We made it! 28 weeks is a huge milestone because the babies are no longer at risk of being severely premature. This means that their odds of living are like that of a full-term baby, and their odds of serious complications are much lower. Another great thing about making it to 28 weeks is that they most likely won't have to get their nutrition from an IV or a stomach tube. They would have a tube running from their noses directly to their stomachs and could receive breast milk.

The next milestone will be 32 weeks. If we hold out that long, their risks for major preemie problems like brain bleeds and necrotizing enterocolitis are extremely low. They still may have breathing problems, and if they're born before 34-35 weeks they won't be able to breathe, suck, and swallow all at the same time (meaning they can't take a bottle or be directly breastfed), but both of those problems can be overcome.

We had another ultrasound this morning, and everything looks great. Both girls are now head down, so on the ultrasound, you can see two itty bitty heads right next to each other. Pretty neat. Fluid is still low and will be until we deliver, but Baby A is not showing any signs of distress.

This weekend we'll be celebrating Brady's 3rd birthday a little early with lots of family, friends, cake, and jumping around. (I hope to be Skyped in for some of the festivities.) Hope your weekend is as fun.

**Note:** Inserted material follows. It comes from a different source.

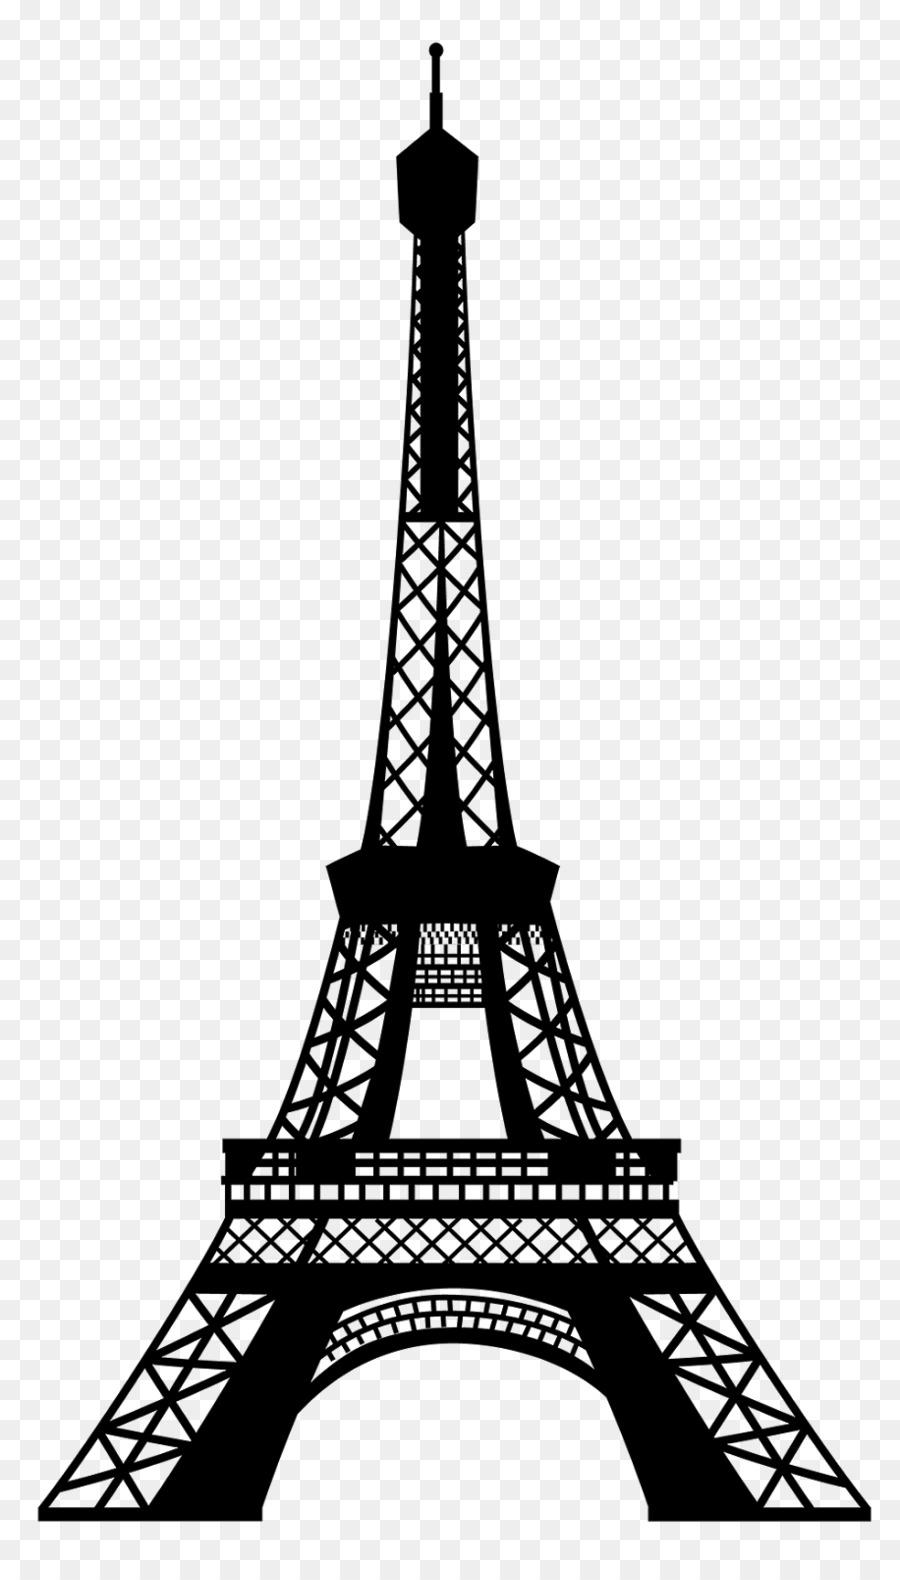 Descarga gratuita de Eiffel, Champ De Mars, Exposition Universelle imágenes PNG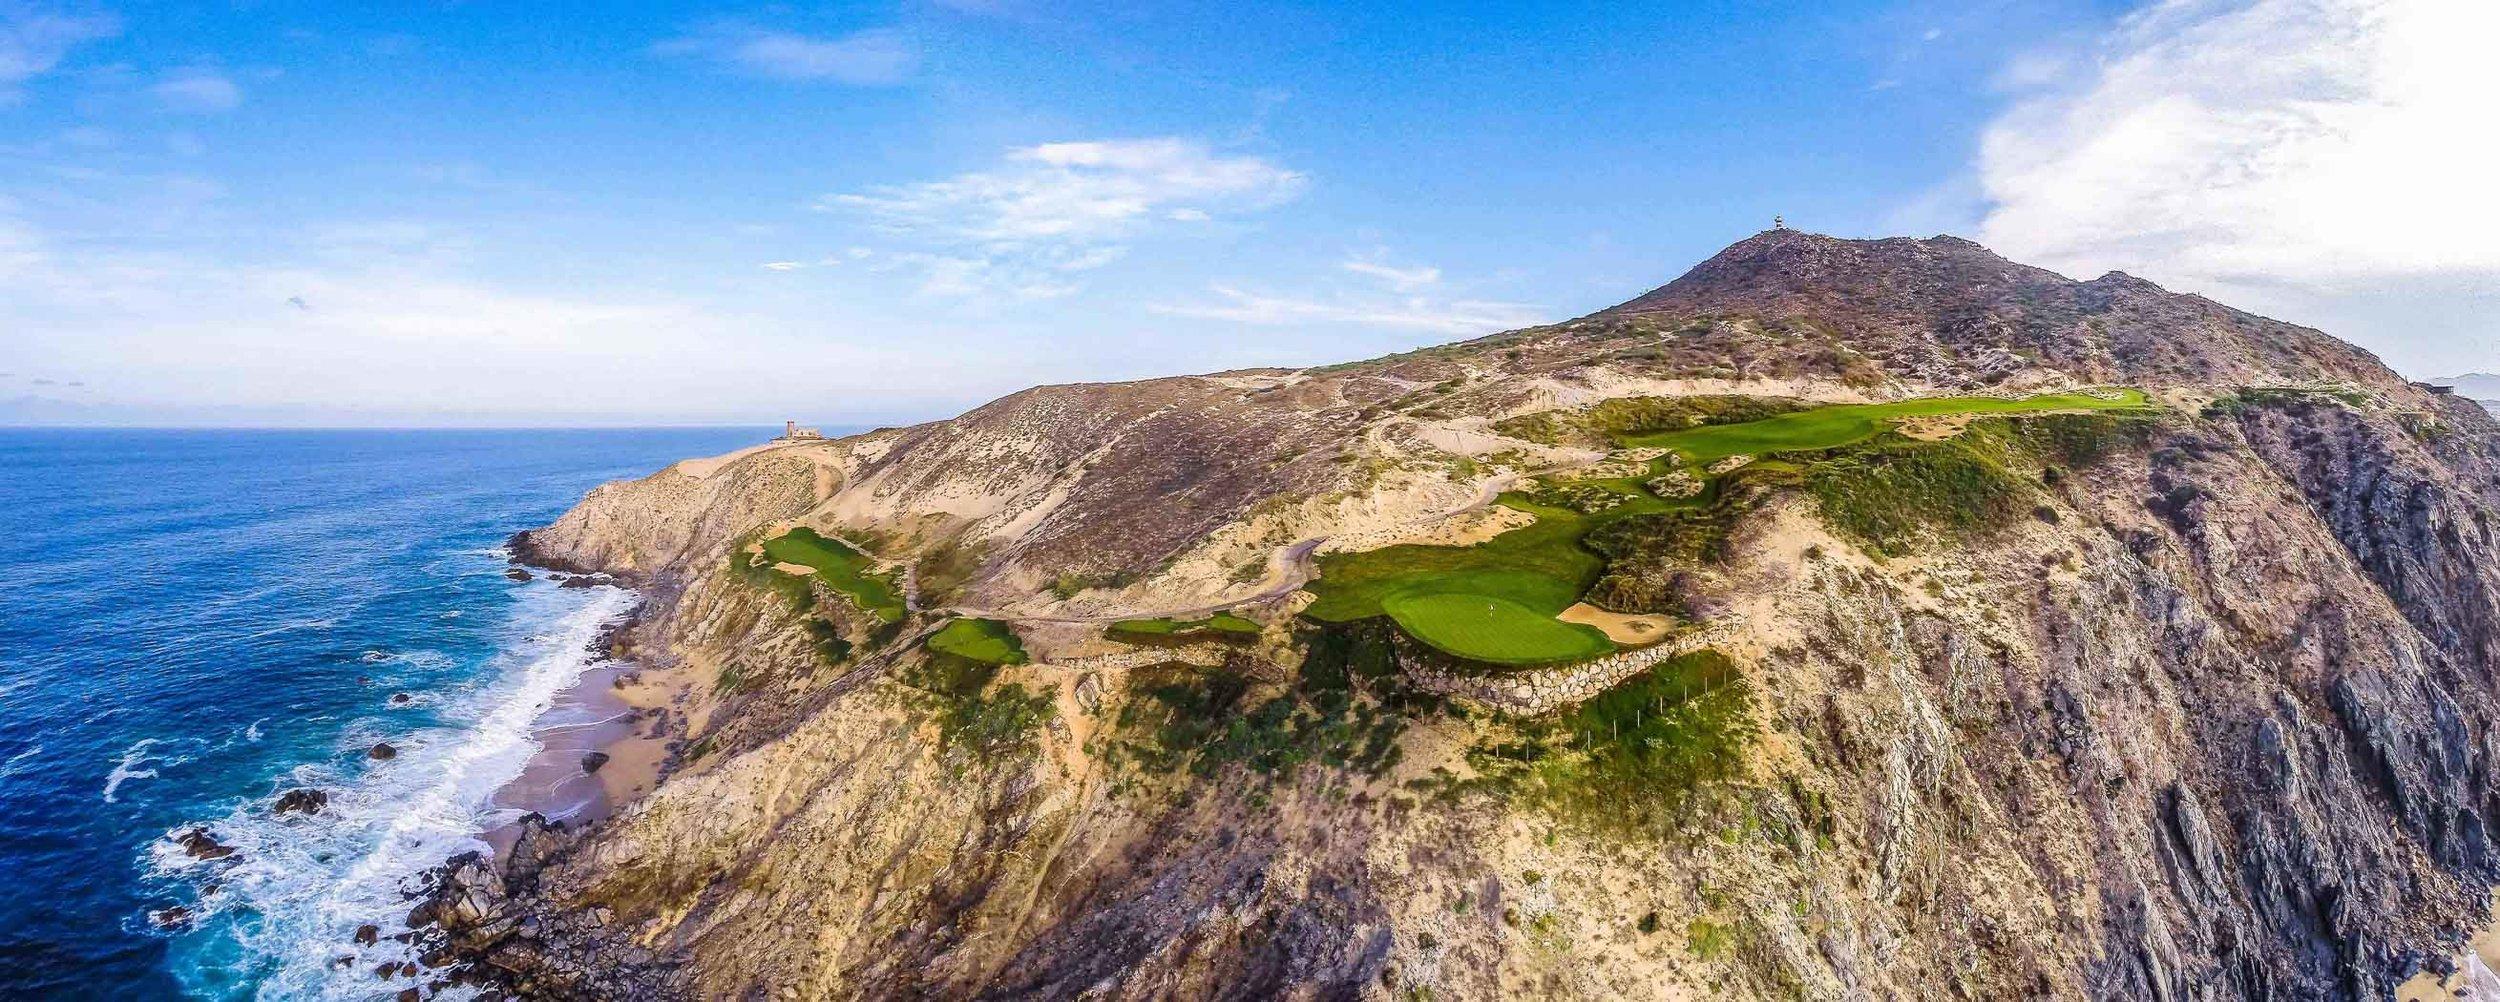 Quivira-Golf-Gallery-1-58ebeb57ada0b-2.jpg

We'll have another ultrasound Tuesday and get new measurements, so I'll report back after that ultrasound. More updates soon.

Tuesday, March 2, 2010

27 weeks, 5 days, with SNOW (again)

We're almost to a major milestone! All remains stable. Had another ultrasound this morning, and the girls both have good blood flow, are practicing their breathing, and are overall looking pretty good. Baby B is now stretched out with her head in my ribcage and her toes waaaaay down near my pelvis. This means she's occasionally kicking Baby A in the head. Poor Baby A. But I guess she better get used to it!

I asked today about how long they'd let us go until they deliver the babies. We'd been told before that they wouldn't let us go past 34 weeks, but today I was told that they *might* let us go to 35 weeks, but not past that point because the risk would be as great as the benefit. So I could have another 7 weeks in the hospital, plus recovery. Of course, that would mean the girls would have less time in the hospital, so that's good. I guess we'll see how it all goes! They'll make the call during the 33rd week, assuming I make it til then.

It's snowing again, and I wish I could get out in it. Can't believe the one winter it snows 3 times, I'm in the hospital! But when I get out of here, it'll be beautiful springtime, my favorite time of year. I told Shawn it's like I hibernated for the winter!

So, anyway, that's all that's going on today. More updates soon!